Por extintor, se entiende en este documento cualquier extintor conocido en la técnica. Los ejemplos de dichos extintores incluyen Dabcyl, Dark Quencher, Eclipse Dark Quencher, ElleQuencher, Tamra, BHQ y QSY (todos son Marcas Registradas).

El especialista en la técnica sabría que combinaciones de colorante/extintor son adecuadas cuando se diseña una sonda.

En una realización preferida de acuerdo con la invención, pueden seleccionarse propiedades espectrales de dichas sondas para no interferir una con respecto a la otra. En particular, cuando las sondas se usan en PCR múltiples, cada sonda única puede tener su propio fluoróforo siendo significativamente diferentes entre sí con respecto a las propiedades espectrales, es decir, los espectros de absorción/emisión son esencialmente no-solapantes. Esto permite de manera ventajosa la detección múltiple de baja interferencia para todas las sondas únicas, asegurando que las señales individuales no interfieran unas con otras en la detección. Los ejemplos de colorantes que pueden usarse juntos en PCR múltiples incluyen Fam con Tamra, Fam con Tamra con Rojo Texas.

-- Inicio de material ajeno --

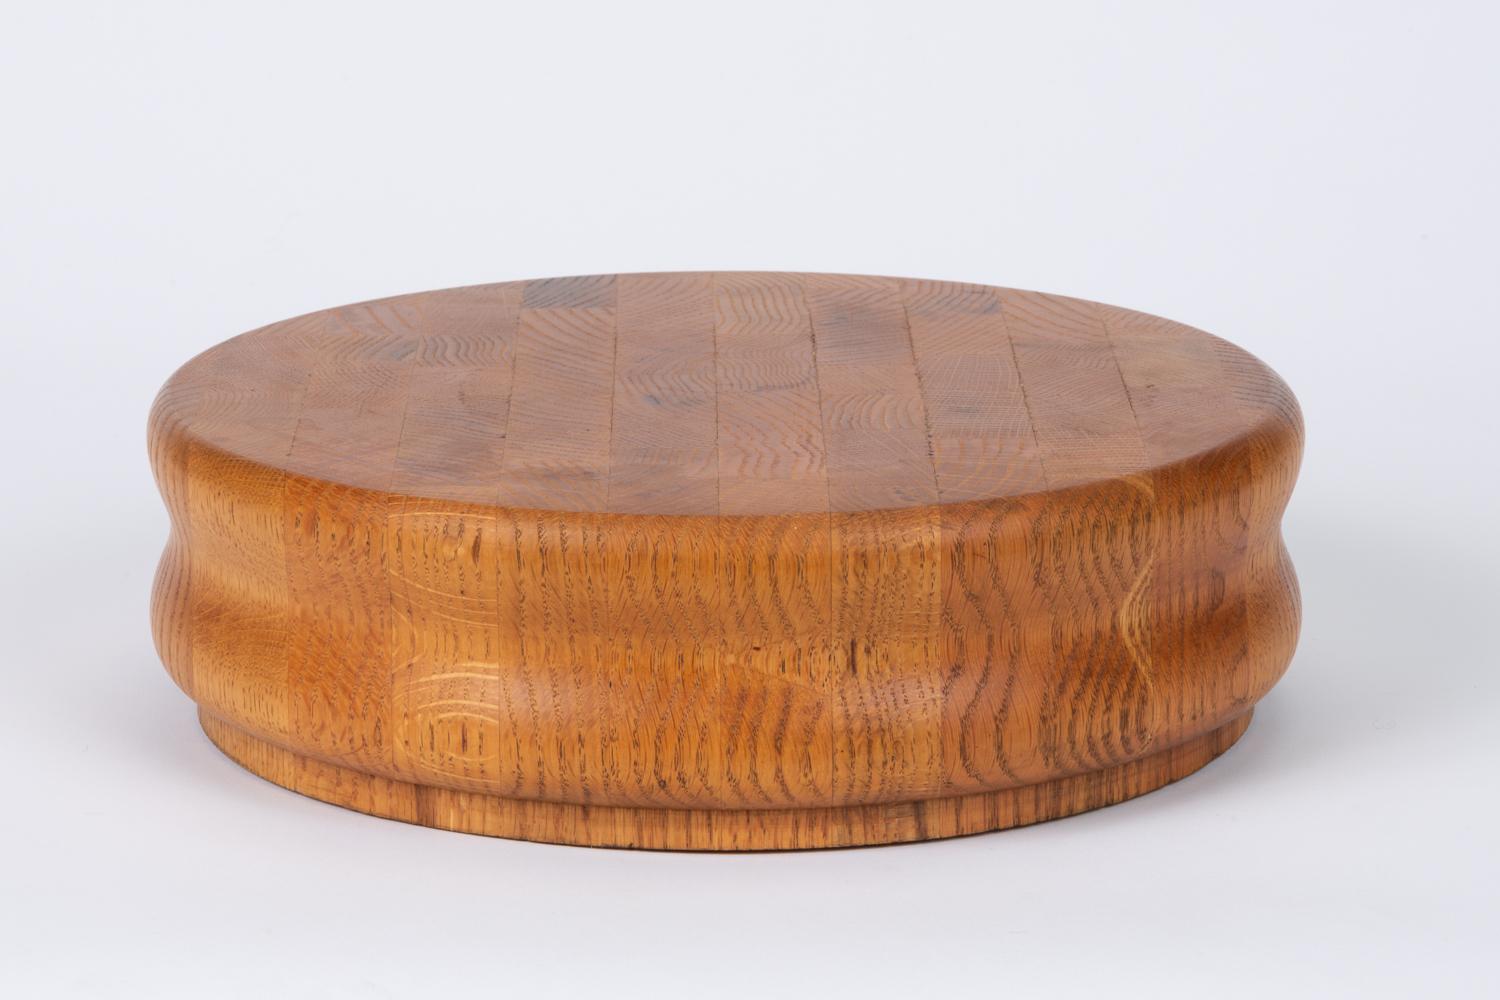 American Studio Craft Turned Wood Cutting Board / Serving Tray

De acuerdo con la invención, todos los oligonucleótidos proporcionados pueden conservarse por separado, o mezclarse parcial o totalmente.

Dichos oligonucleótidos pueden proporcionarse en forma seca, o disueltos en un disolvente adecuado, a criterio del especialista en la técnica. Los disolventes adecuados incluyen TE, agua de calidad para PCR y similares.

Posteriormente, las secuencias se identifican mediante una SEC ID Nº:

Las secuencias correspondientes se proporcionan en las tablas en las figuras adjuntas a ellas. En dichas tablas, se usa el código convencional para nucleótidos degenerados.

En particular: R es G o A; Y es C o T; W es A o T.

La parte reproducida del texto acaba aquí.